# Exercise objective
Everything from the line with "Richard Machowicz: You" through the last line of the data below should be copied exactly, apart from the pictures.
########
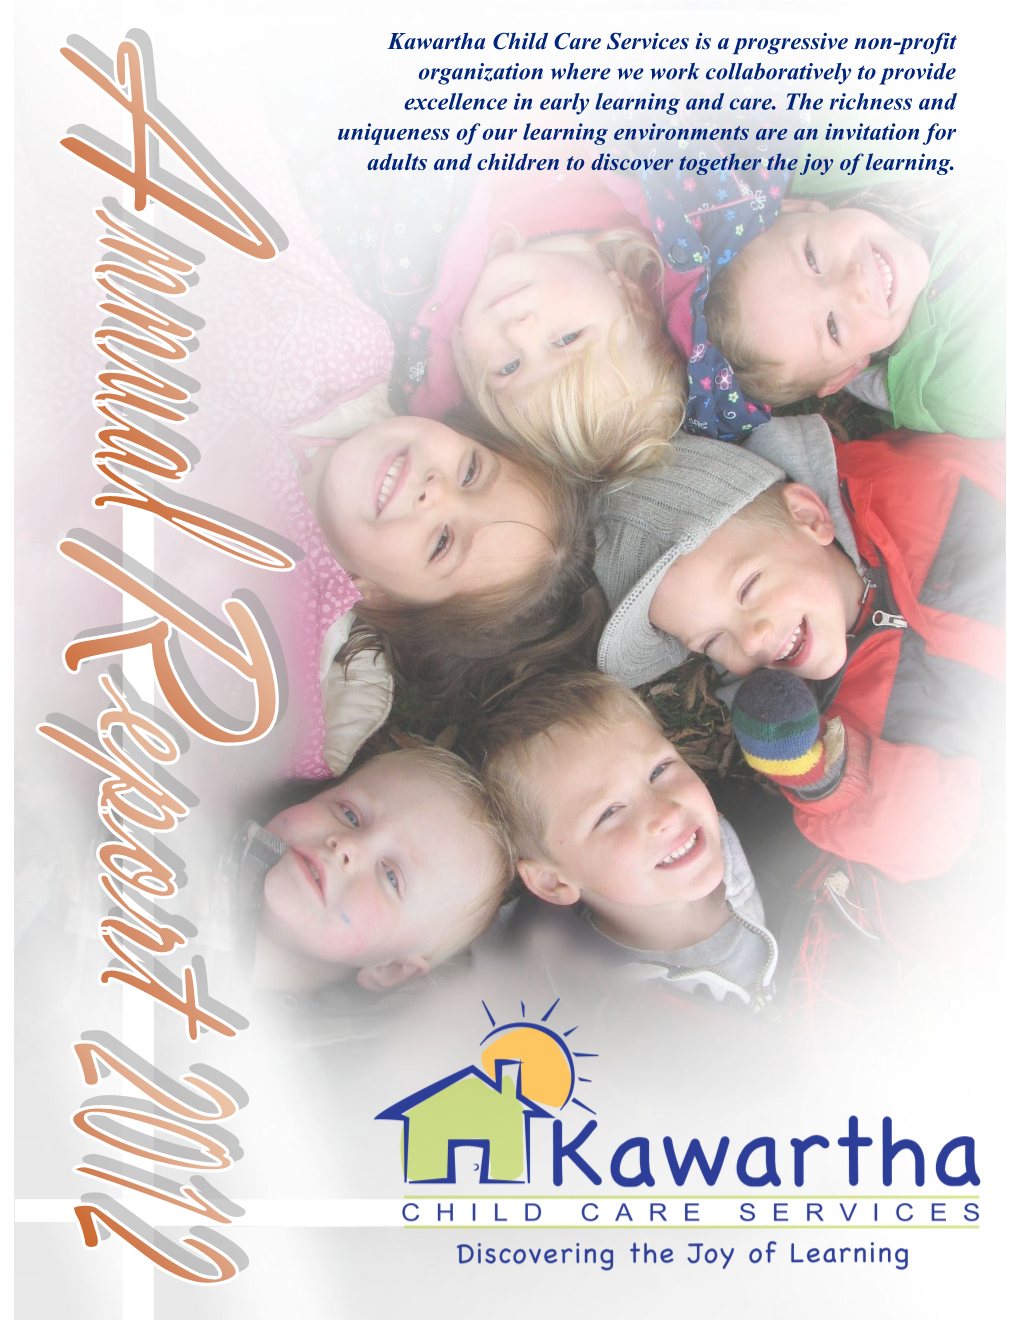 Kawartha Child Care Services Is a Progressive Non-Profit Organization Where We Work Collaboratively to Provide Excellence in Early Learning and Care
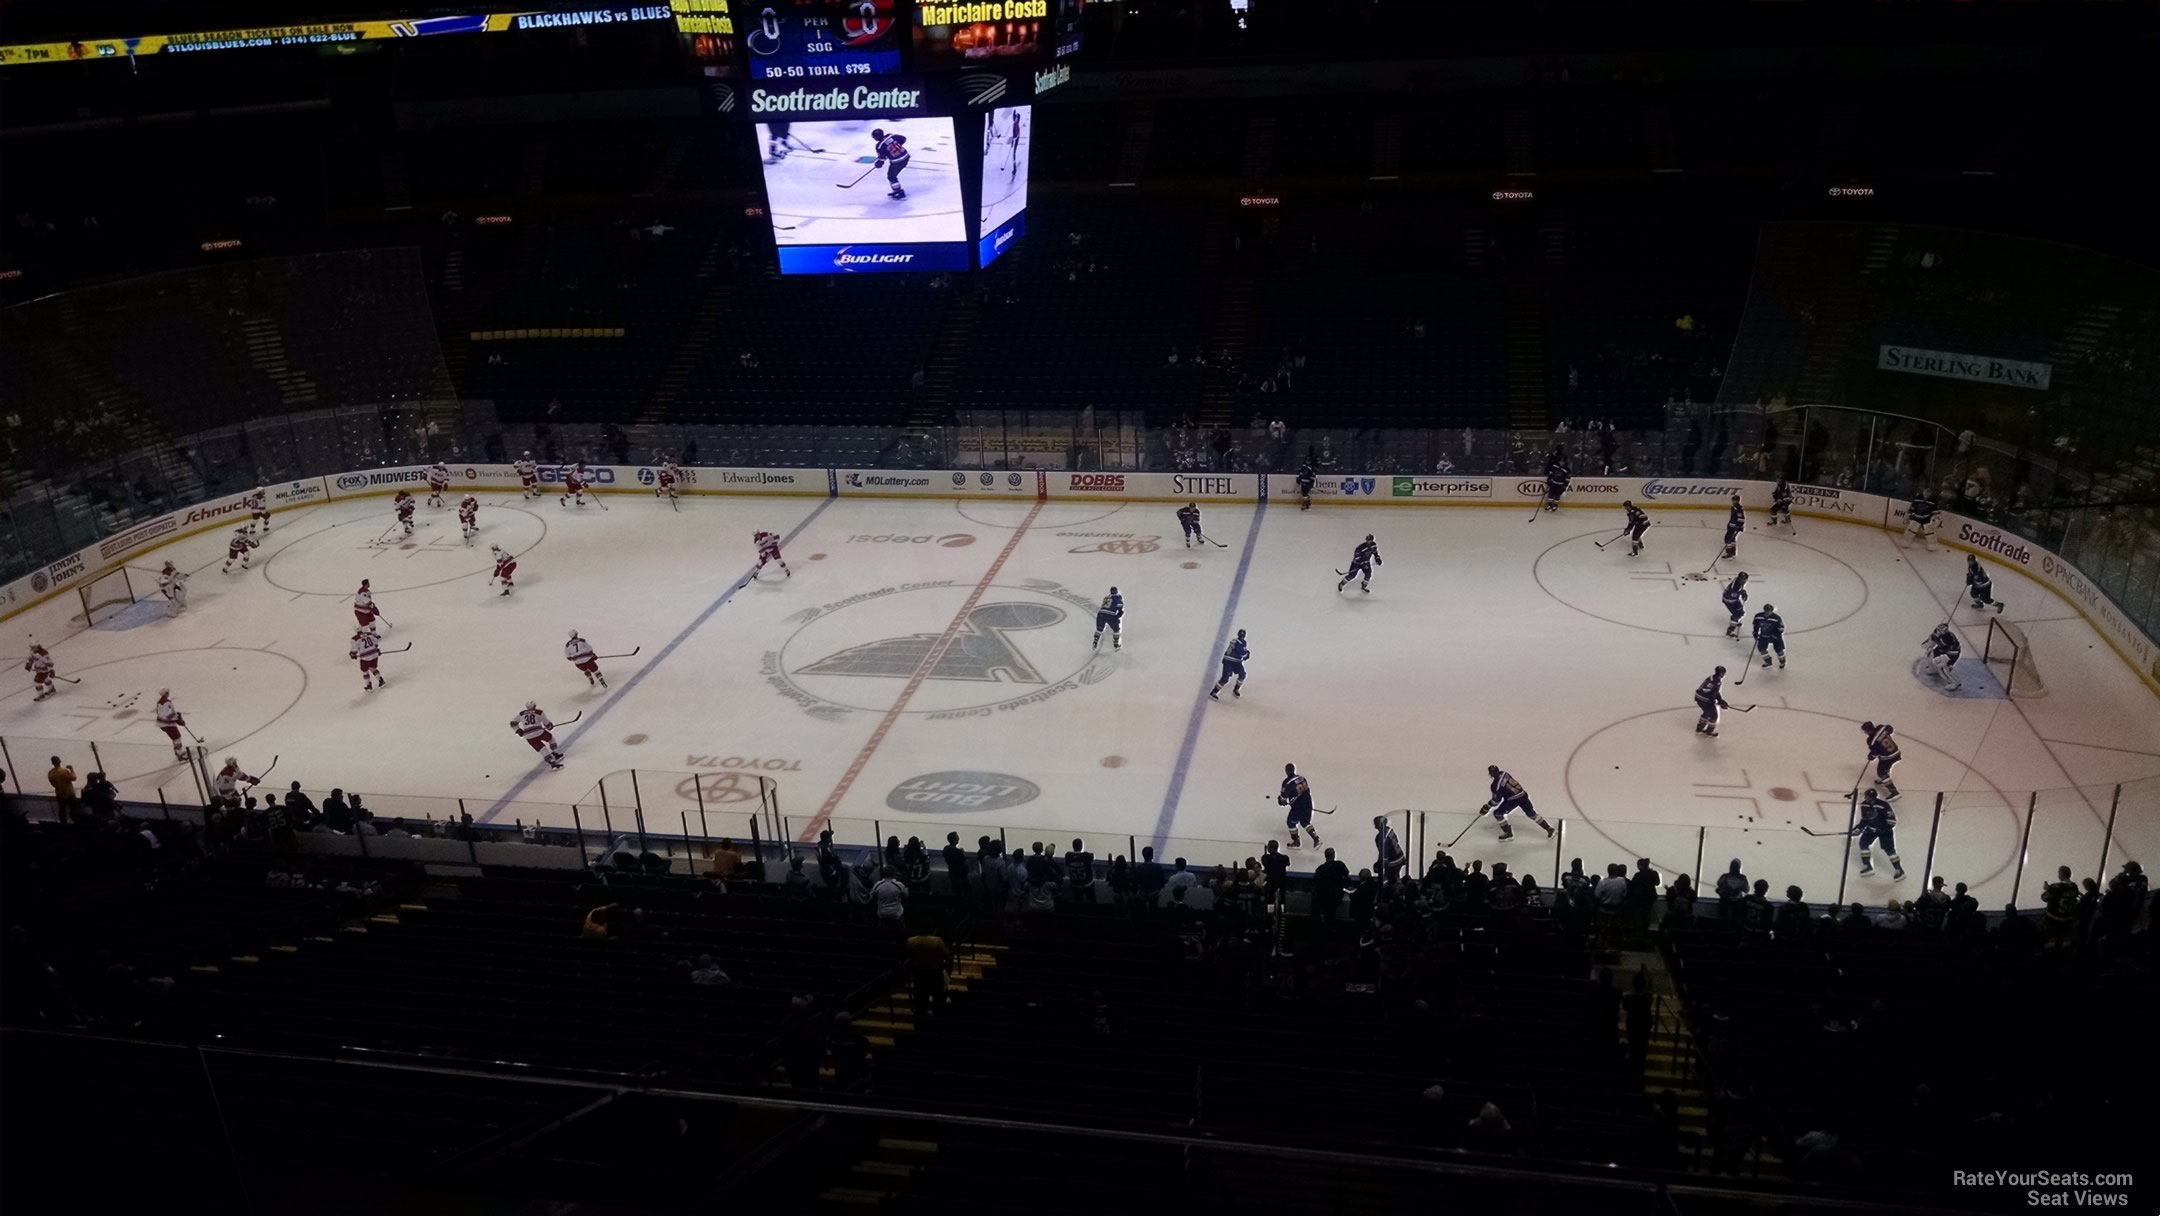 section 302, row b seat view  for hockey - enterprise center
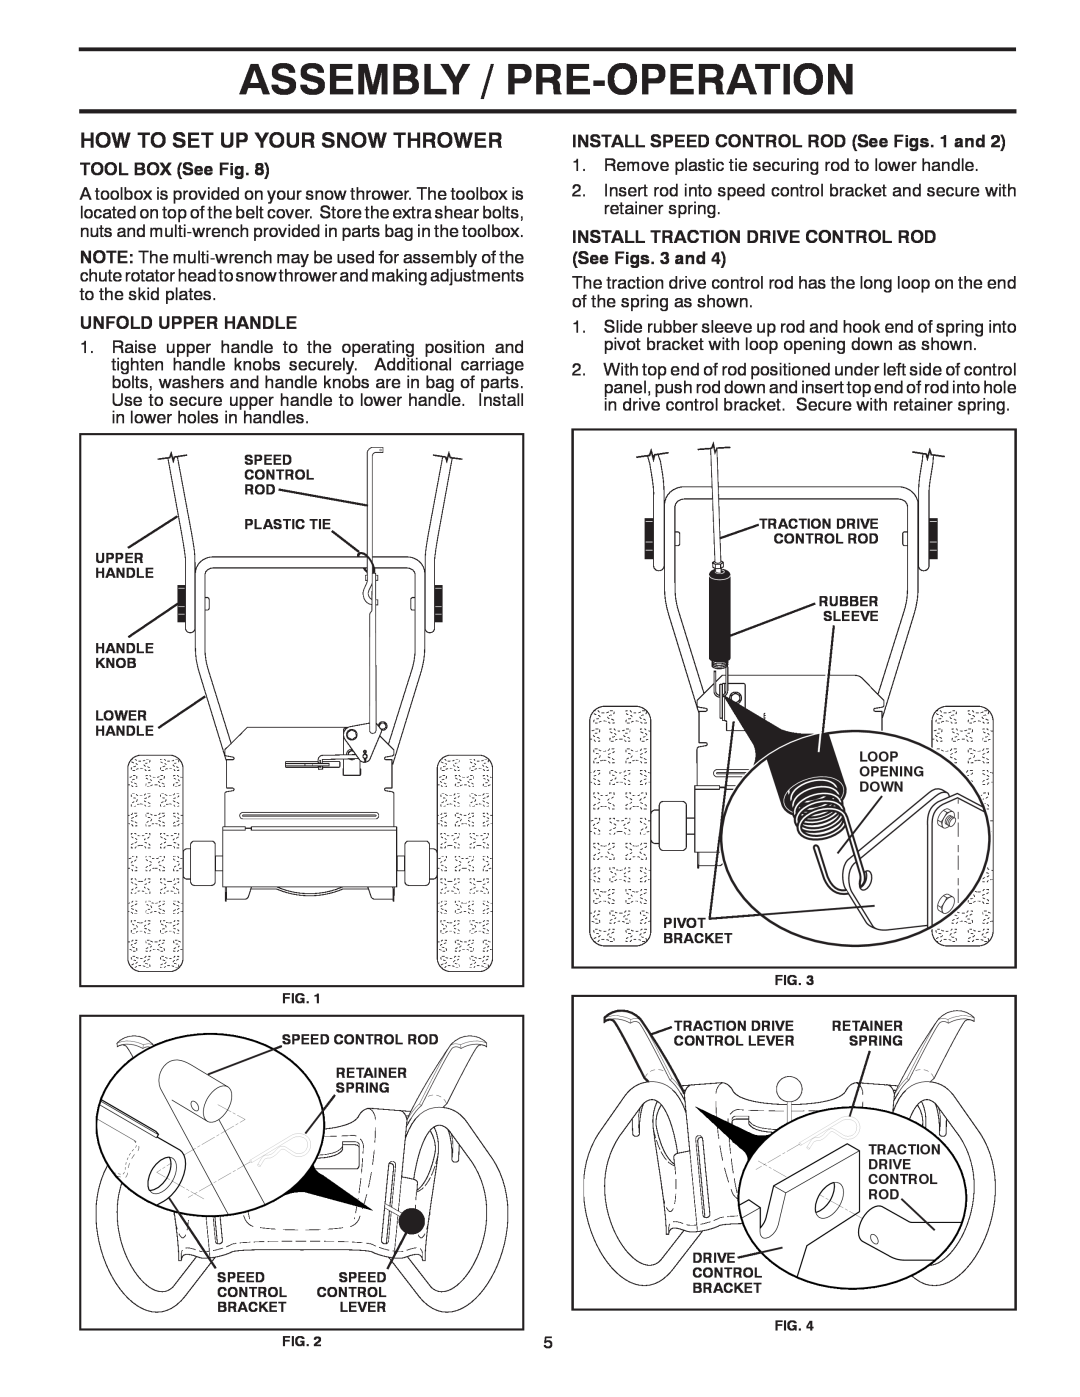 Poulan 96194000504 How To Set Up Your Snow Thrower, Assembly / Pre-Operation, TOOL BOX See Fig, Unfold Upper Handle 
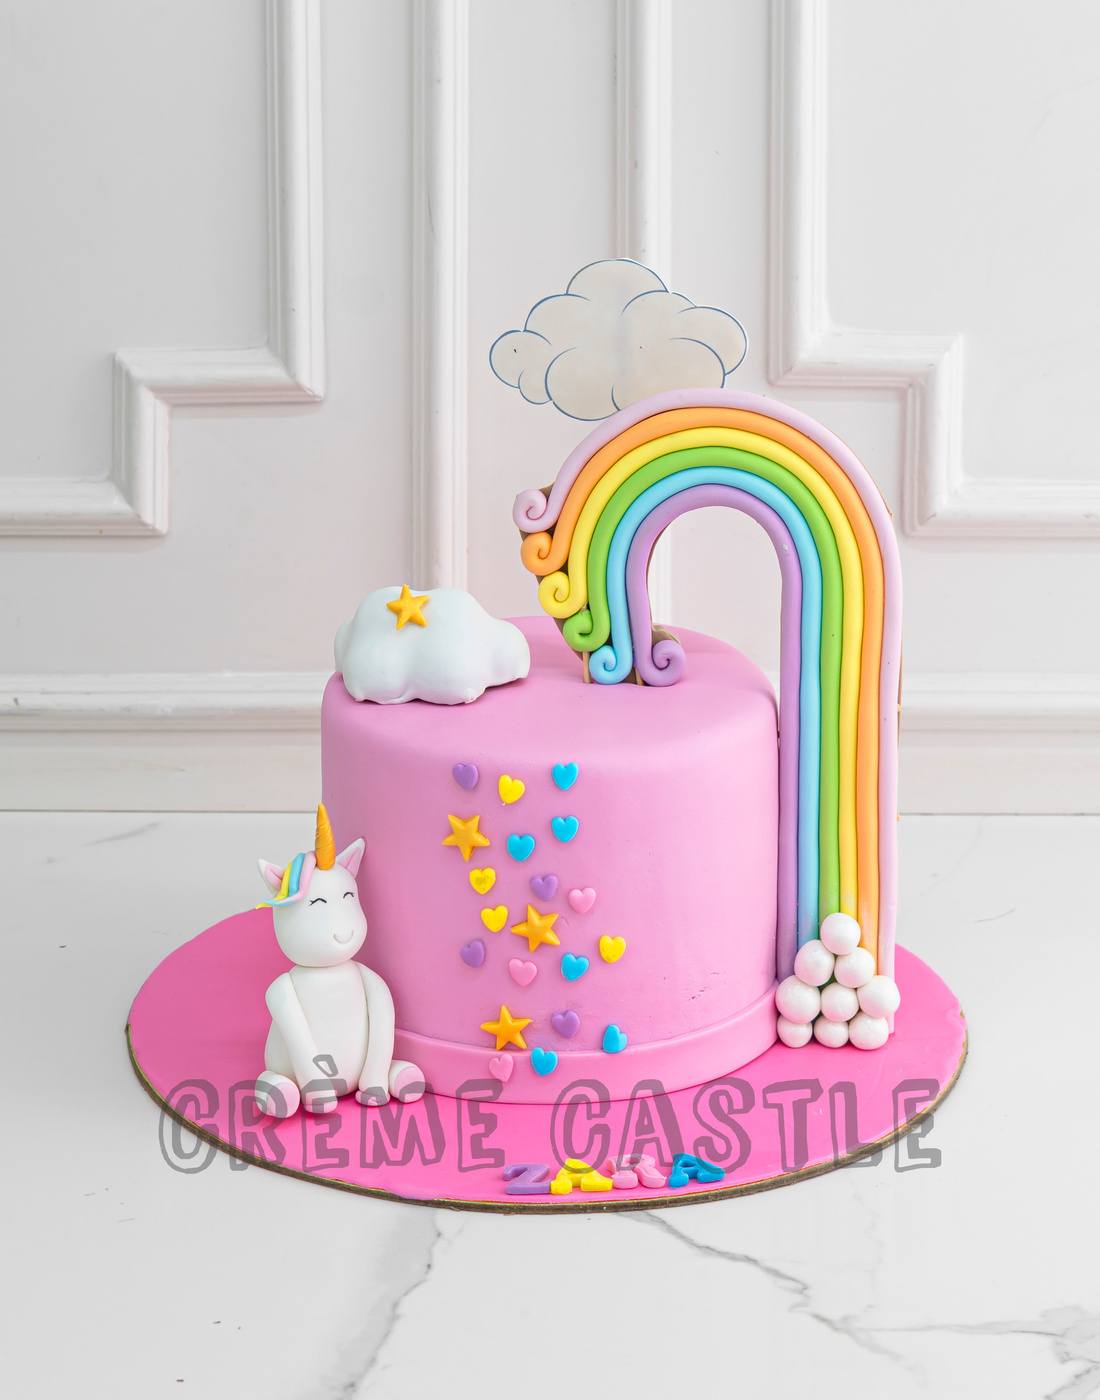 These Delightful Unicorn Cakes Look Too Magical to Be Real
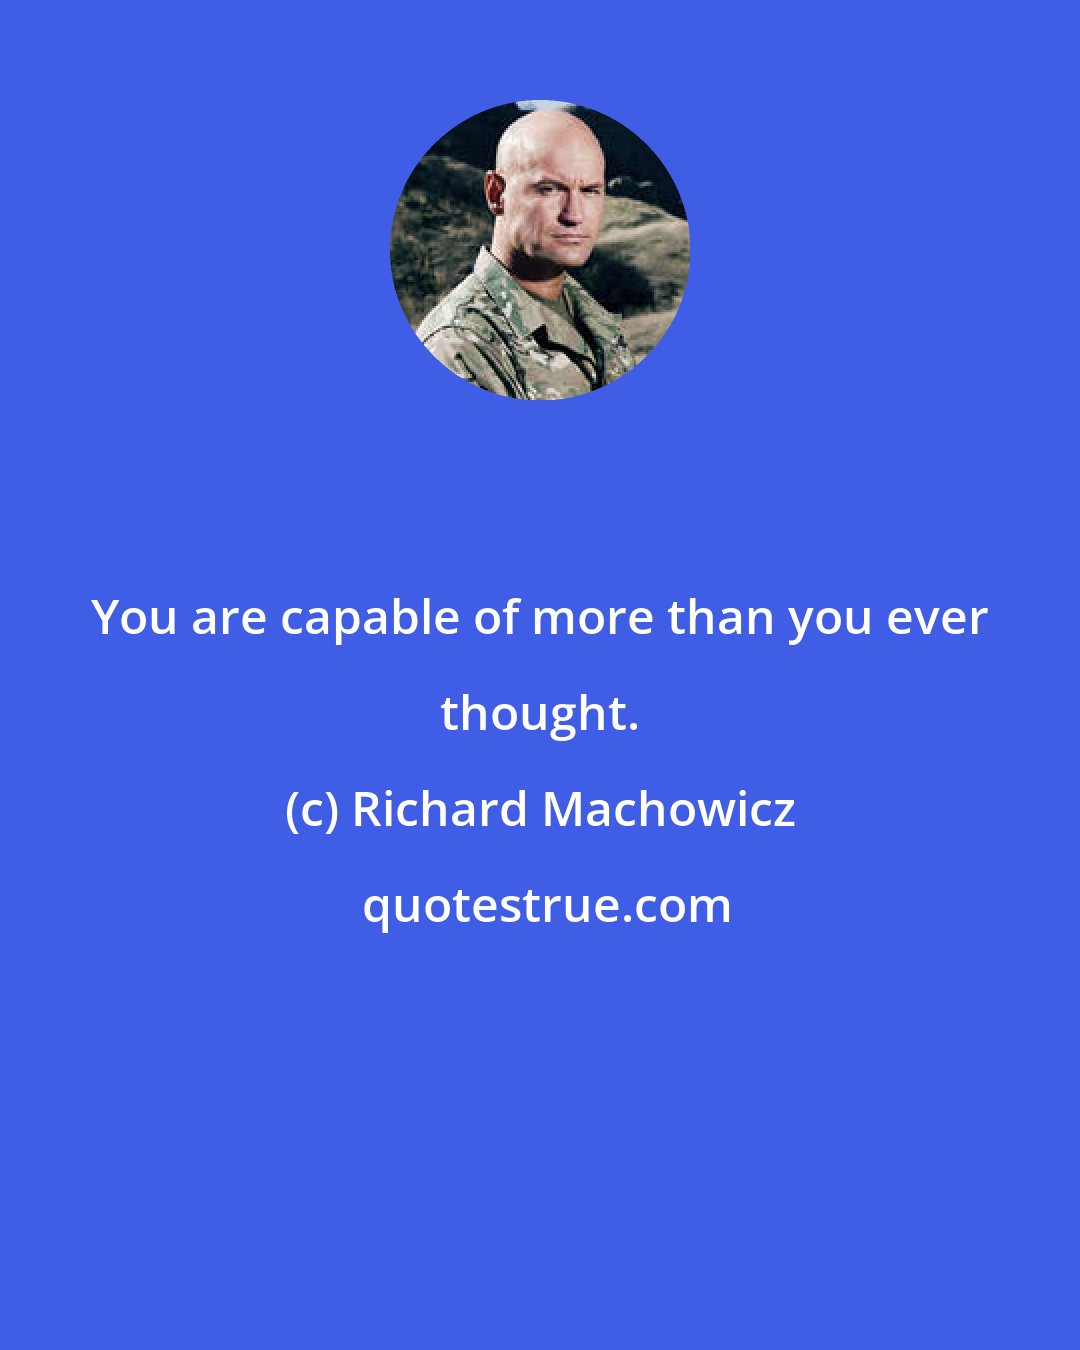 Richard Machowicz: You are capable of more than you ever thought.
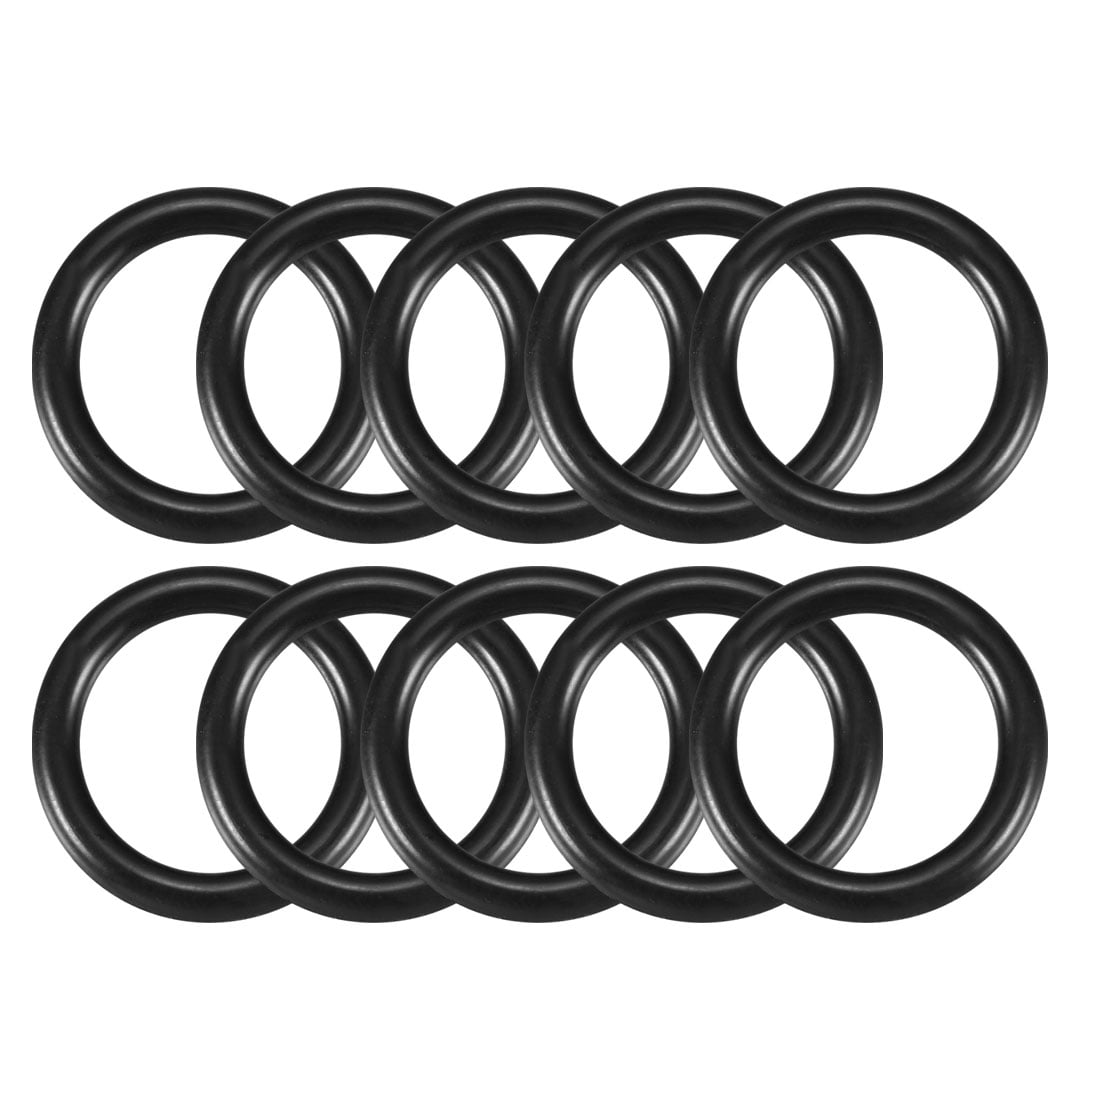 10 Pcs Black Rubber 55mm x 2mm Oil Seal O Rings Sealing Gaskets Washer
########
# Output for this task
 Richard Machowicz: You are capable of more than you ever thought.
 10 Pcs Black Rubber 55mm x 2mm Oil Seal O Rings Sealing Gaskets Washer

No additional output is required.